Death, Lawsuits, and CTE: The Sad Sunset
In 2016, Bass joined a class-action lawsuit against WWE over traumatic brain injuries—part of the growing chorus of CTE-related claims from wrestlers who’d seen more concussions than paychecks. The case was dismissed in 2018, but a postmortem report confirmed Bass had indeed suffered from chronic traumatic encephalopathy—a grim footnote for a career built on pain.
In March 2017, Bass suffered a burst appendix, and after complications from surgery, he passed away on March 7. He was 68, survived by his son, Joe, who now wrestles as Ron Bass Jr., carrying on the legacy—hopefully with less brain trauma and fewer bullwhips.
Legacy: A Man, a Whip, and a Wild Damn Ride
Ron Bass may never have worn the heavyweight title or headlined WrestleMania, but he embodied the raw essence of wrestling’s territorial roots—stiff punches, louder boots, and a character so brash he made Dusty Rhodes look like a librarian.

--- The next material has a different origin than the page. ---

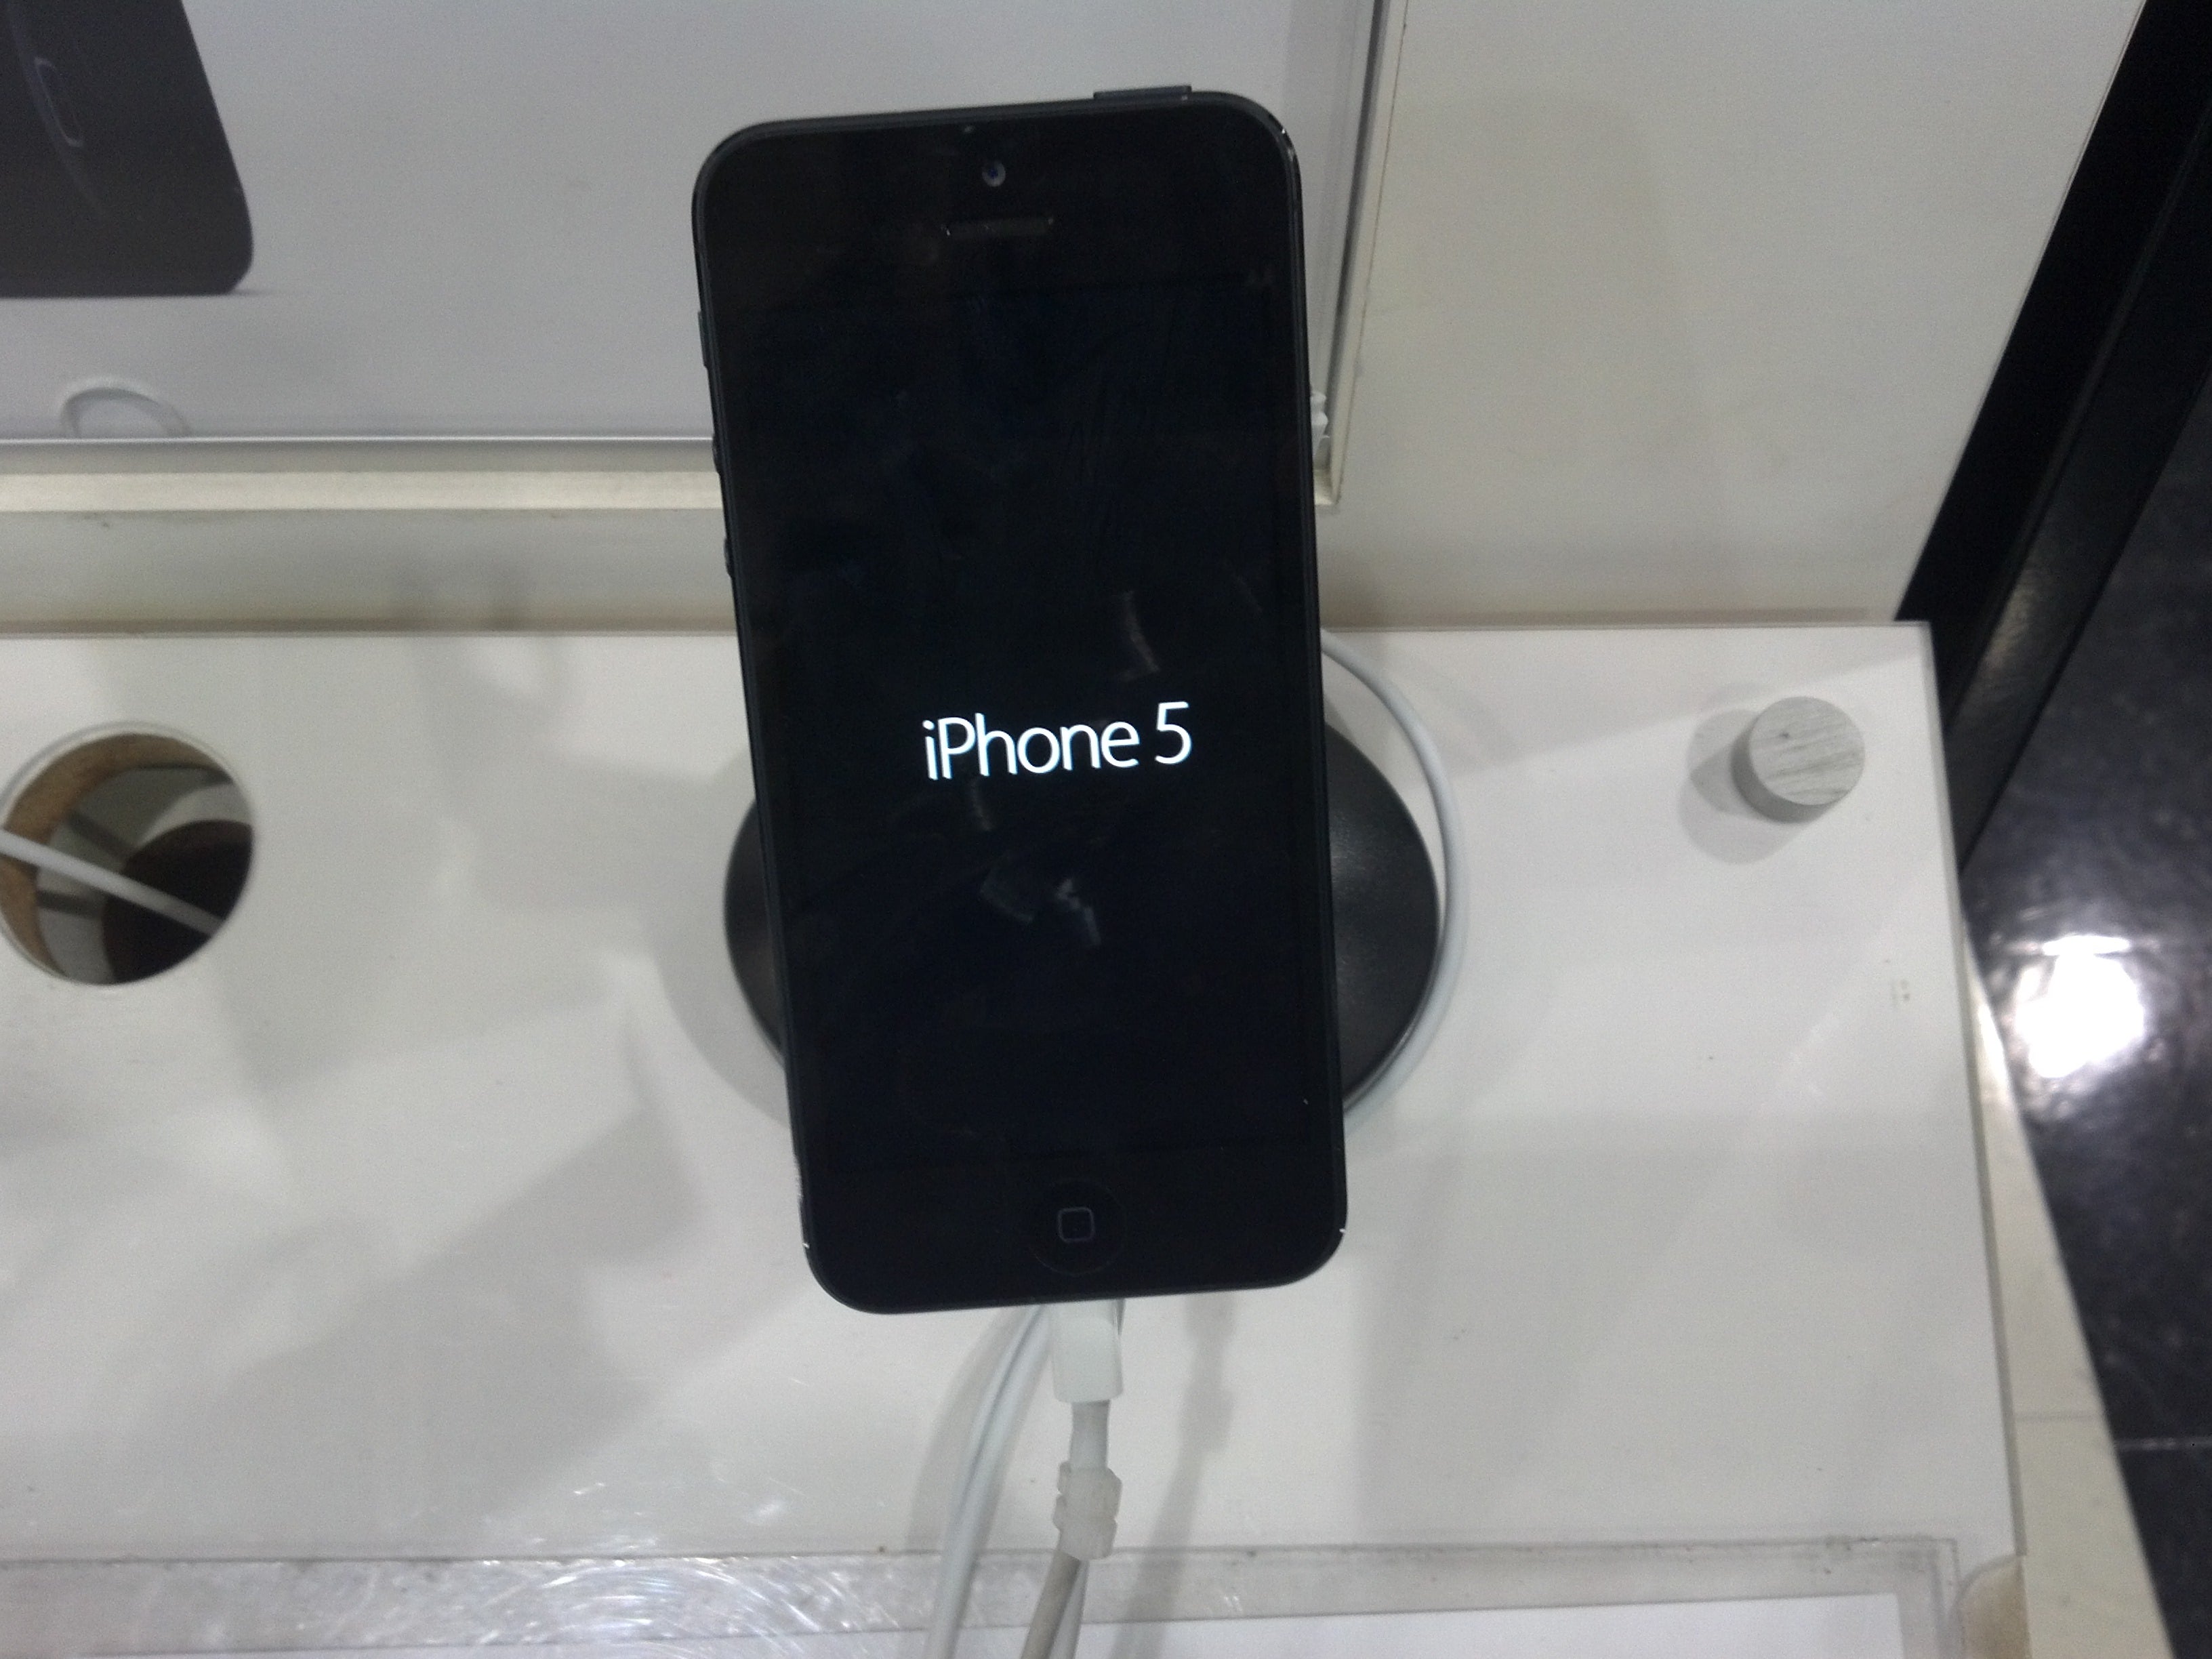 The Apple iPhone 5 - Pre-paid Apple iPhone 5 hard to keep in stock says Leap Executive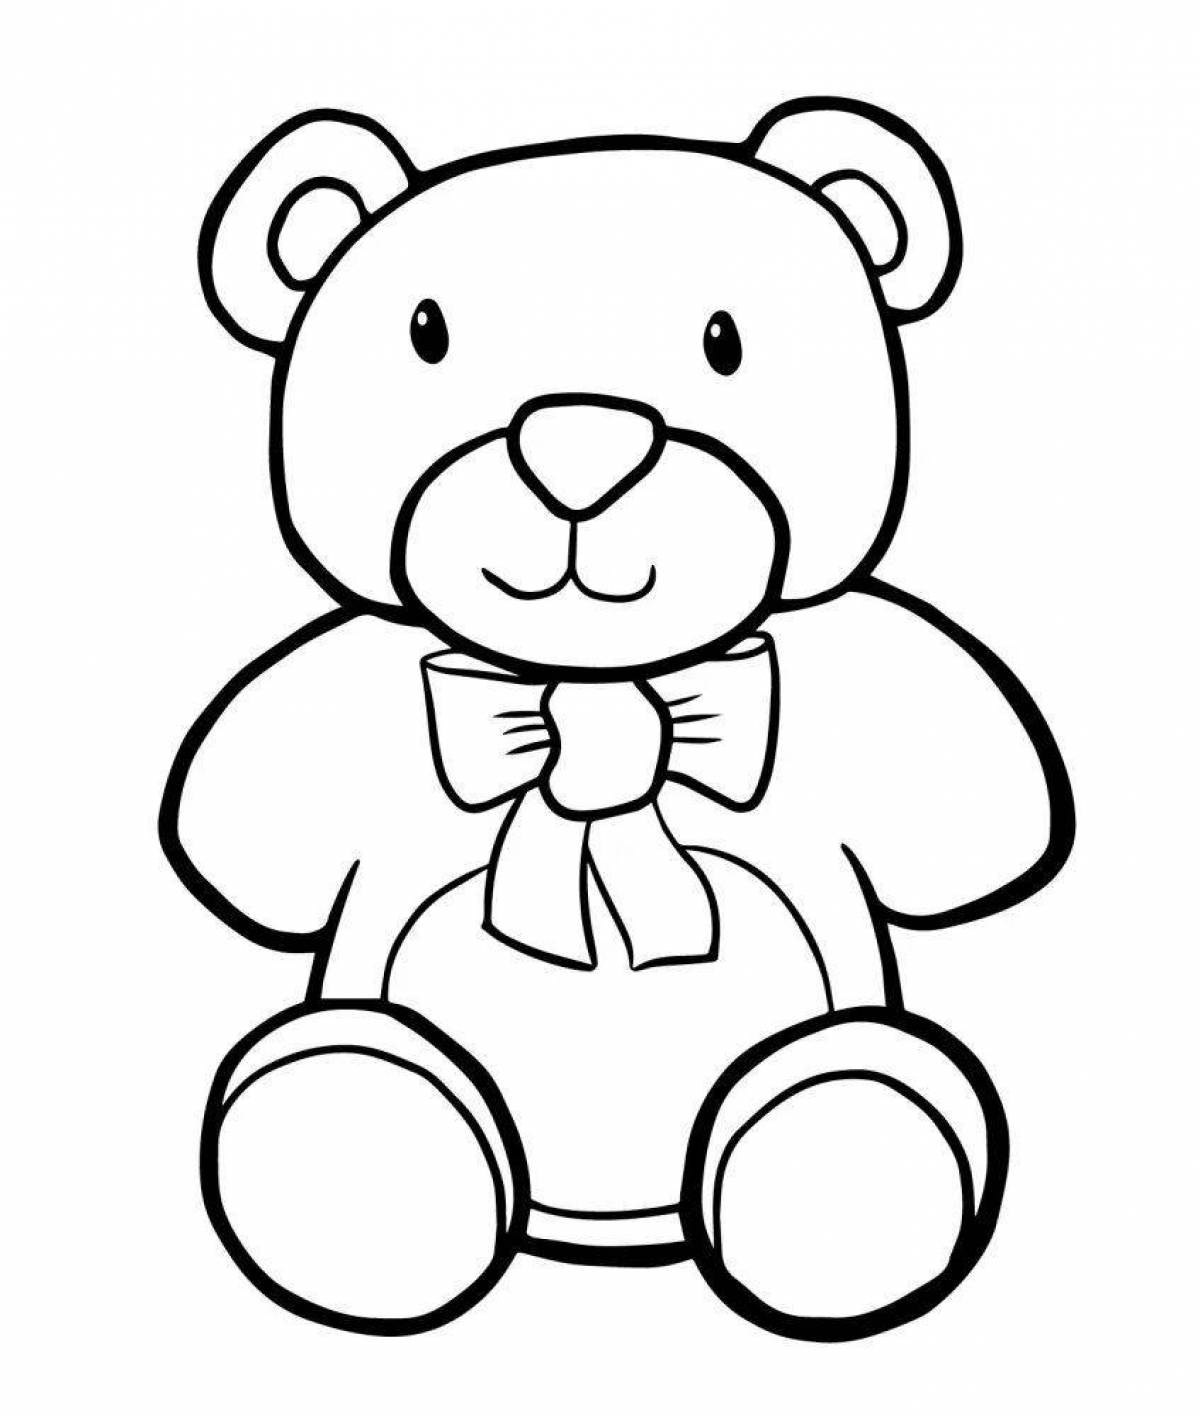 Curious teddy bear coloring book for kids

He was a cowboy from a time when cowboys weren’t ironic. His whip cracked, his spurs bloodied, and his mustache sneered through the federation circus. In the carnival of wrestling, Bass wasn’t a clown or a lion. He was the guy who broke the tent poles, whipped the ringmaster, and rode off into the sunset on a glue factory-bound horse named “Kayfabe.”
Rest in peace, Outlaw. May you forever haunt Gorilla Monsoon’s dreams, whipping referees and slicing jobbers under the merciless Texas moon.